C’est ensuite Guillaume Moralli qui affirme qu’à une époque remontant au moins à une quinzaine d’années et peut-être davantage, il a deux ou trois fois aperçu des villageois de Charpey garder leurs troupeaux de jeunes brebis dans les susdits pâturages, sans y constater la présence d’autres de leurs animaux, que pour sa part il ne les a jamais vu être victimes de tracasseries ou de brimades imposées par les moines de Léoncel, ni être chassés par eux des lieux où ils menaient paître leurs troupeaux, hormis en une seule occasion où ils avaient été expulsés des pâturages situés au col de Tourniol qui pourtant, relève notoirement du Mandement d’Eygluy, et que s’il lui fallait déterminer laquelle des deux communautés en conflit devrait avoir gain de cause, c’est, à son avis, celle qui a le droit pour elle.

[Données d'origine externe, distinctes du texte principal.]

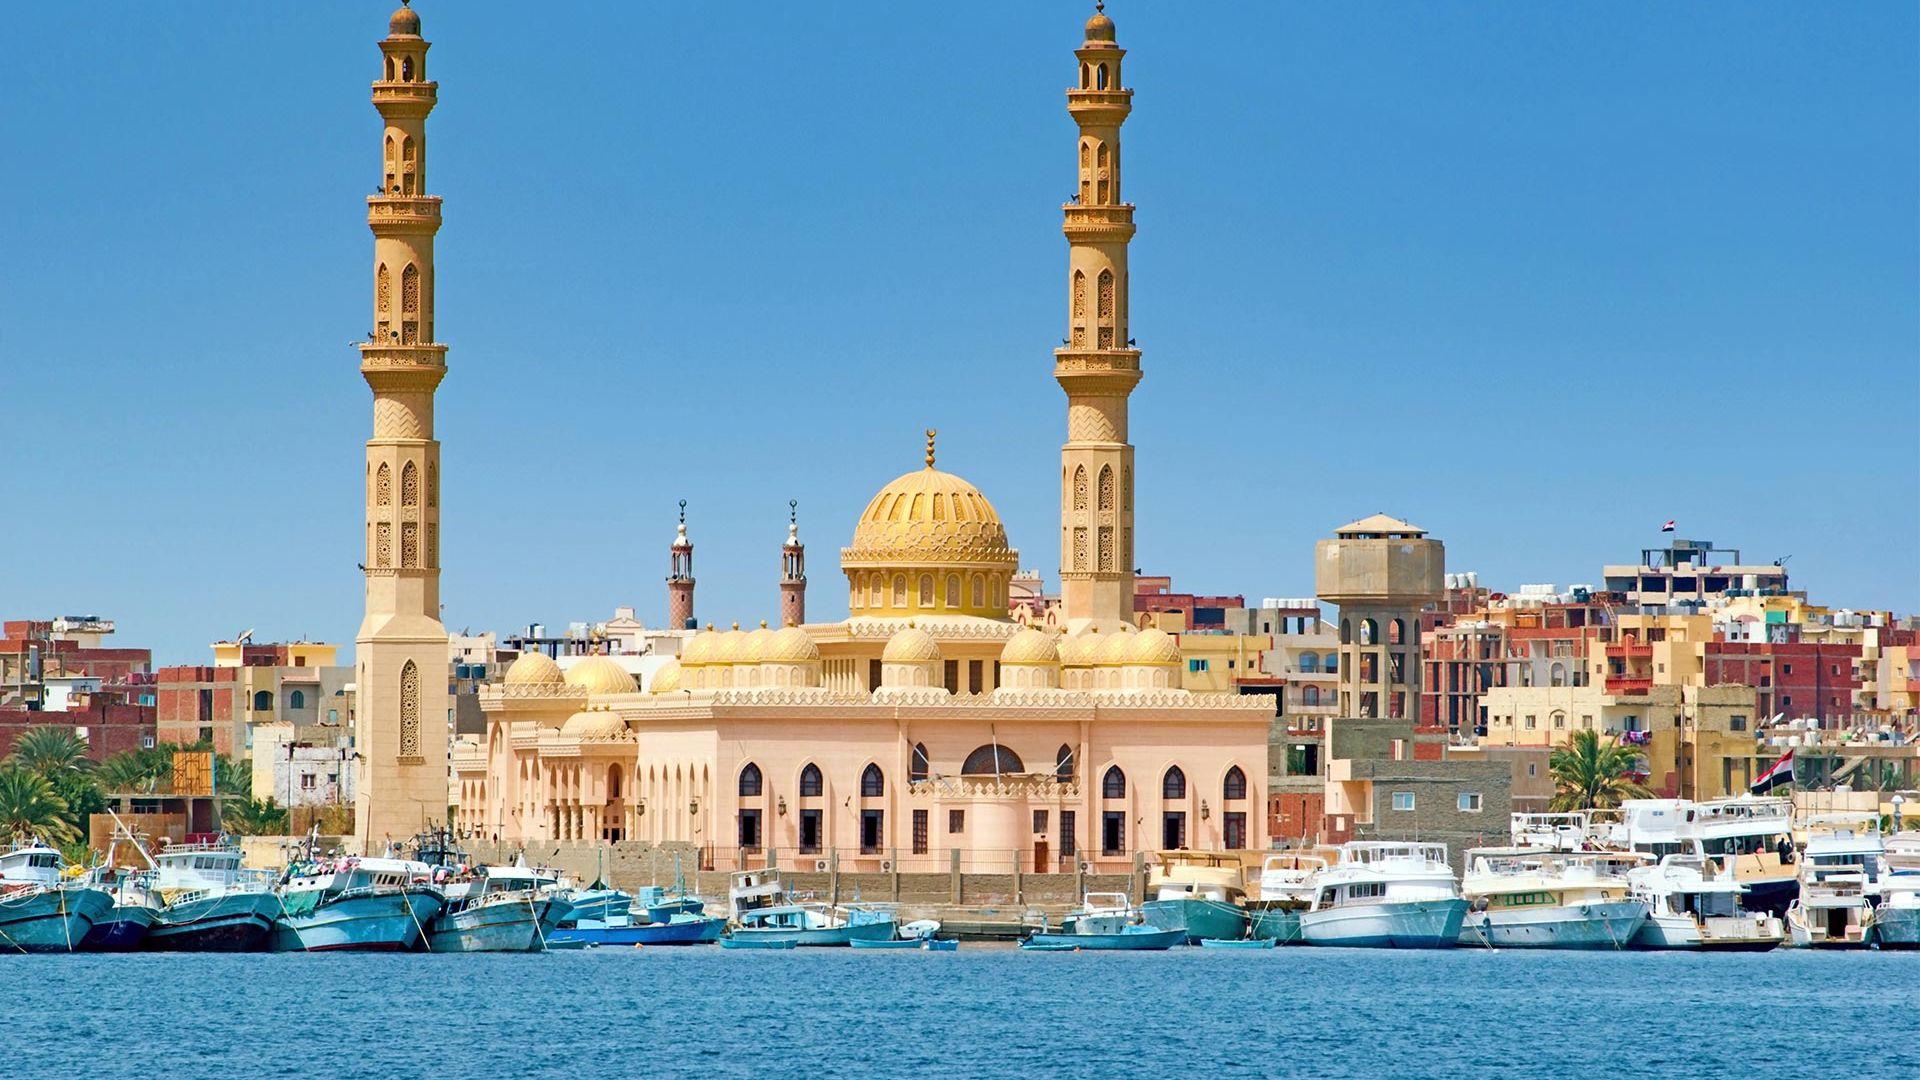 Share a trip - Hurghada & Luxor, Egipt, 8 zile
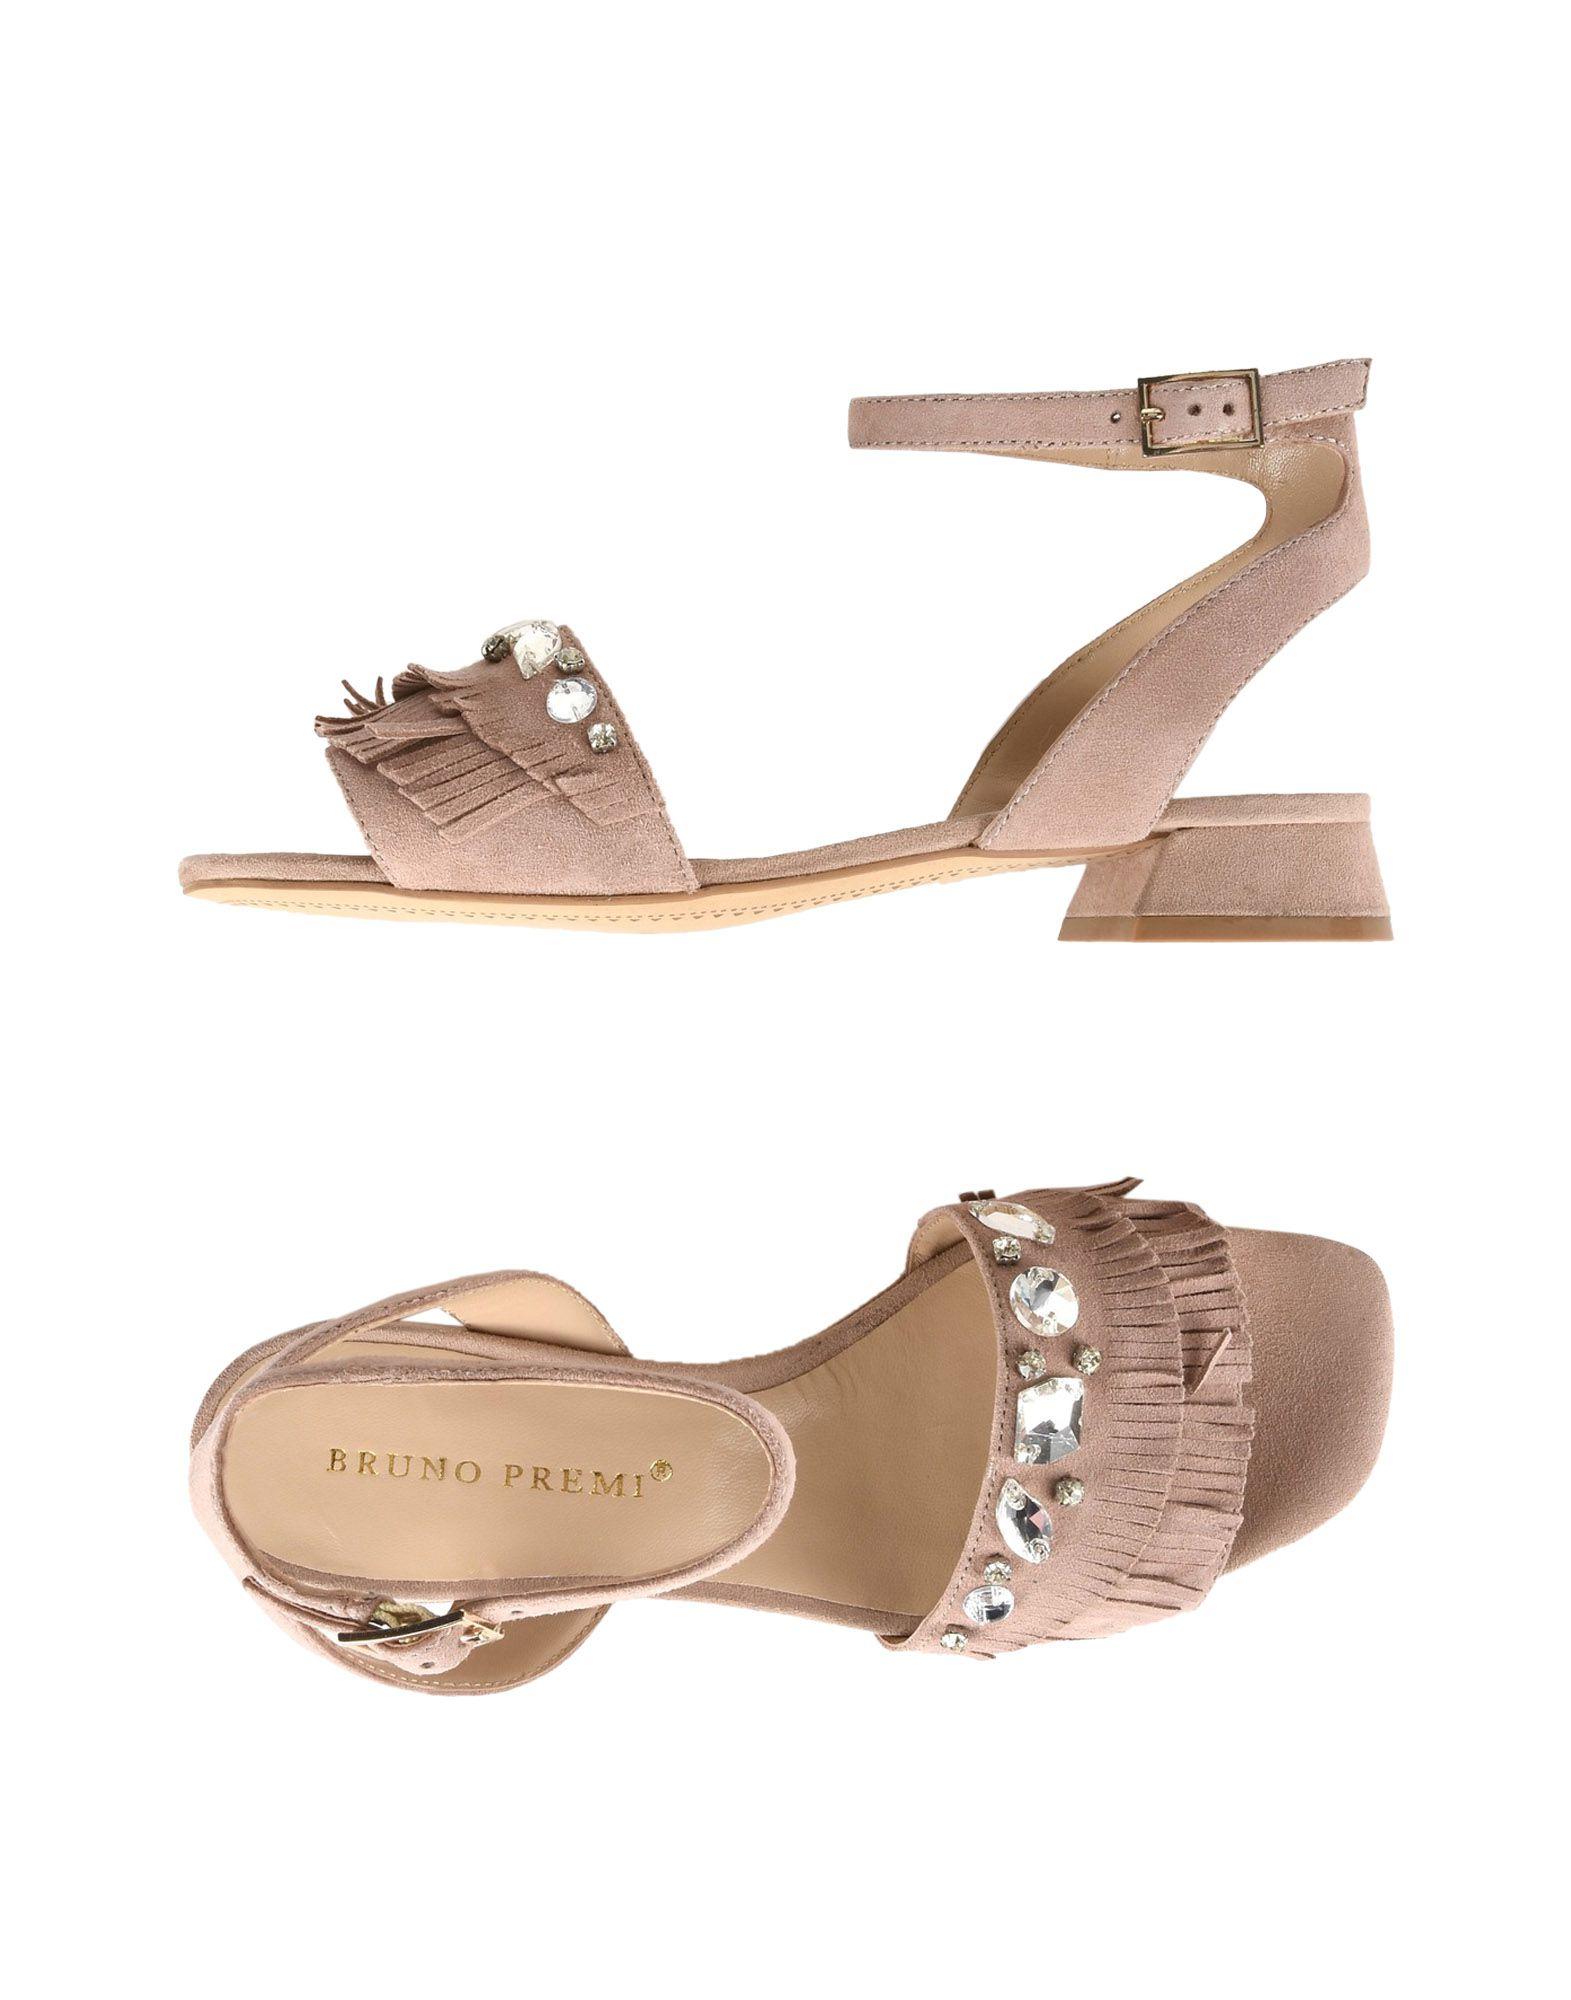 Bruno Premi Sandals - Women Bruno Premi Sandals - online on  Australia - Sandals 11463547HW 5c1985

Puis, en cette même année, le lundi après la fête anniversaire de la bienheureuse Marie, jour où ont été assignés à comparaître en audience le vénérable abbé de Léoncel et les syndics représentant les intérêts des villageois de Charpey, se présentent d’une part, en tant que procureur de l’abbaye et de l’ensemble de ses membres, le frère Pierre de Romans muni, en gage de bonne foi, d’un document frappé du sceau de la maison de Léoncel et commençant par ces mots « Nous, frère Giraud… », et d’autre part, en qualité de syndics intervenant au nom de tous les habitants de Charpey, Rostan Jacquemon Pierre d’Esparvier (Sparverio) et Hugo Peyracha. La présence de Pierre d’Esparvier est intéressante, nous l’avons souligné dans le numéro 62.

Les pièces justificatives des droits des uns et des autres sont alors remises aux députés, lesquels à dessein de trancher en la matière d’une façon catégorique et péremptoire, fixent comme jour pour une prochaine audience tenue au cloître de Châteaudouble, le lundi tombant deux semaines après la Saint Michel, en demandant à chacune des deux paries de leur faire parvenir tout nouveau document sept jours auparavant, mais en fait ils vont devoir , en raison de nombreuses affaires à traiter, repousser cette date jusqu’au jeudi après la fête du bienheureux saint Martin (11 novembre).
En ce jour donc et au lieu convenu se présentent conjointement le vénérable abbé Giraud et Pierre Boneri, syndic, lequel remet quelques autres pièces justificatives qui selon lui n’ont pas pu être transmises dans les délais en raison de l’absence des députés. Ces derniers fixent alors pour le prononcé de la sentence le lundi avant la fête de la Saint-André (30 novembre) et comme lieu le cloître de Châteaudouble en, en notifiant aux deux parties d’avoir à fournir au châtelain de Châteaudouble pour le mardi précédent les derniers documents témoignant de leurs droits et en signifiant qu’au delà de ce jour, leurs arguments ne seraient plus entendus ni reçus. Aussi au jour et au lieu susmentionnés se présentent les deux parties lesquelles, comme il leur était demandé si elles avaient quelque chose à dire ou à ajouter, répondirent l’une et l’autre qu’elles n’avaient rien d’autre à déclarer, hormis le fait que la seule chose qui les intéressait c’était d’entendre l’énoncé de la sentence.
« C’est ainsi que moi, Ponce de Balisteri de Châteaudouble, notaire public du noble seigneur Aymar de Poitiers, comte de Valentinois, ayant consigné sous forme de notes tous ces évènements au fur et à mesure de leur déroulement et en ayant trouvé trace dans un certain écrit rédigé par Pierre Arvieu, j’en ai de ma propre main exécuté la transcription de manière à établir un document public sur lequel j’ai, outre ma signature habituelle, apposé mon sceau personnel dans les fibres du parchemin ».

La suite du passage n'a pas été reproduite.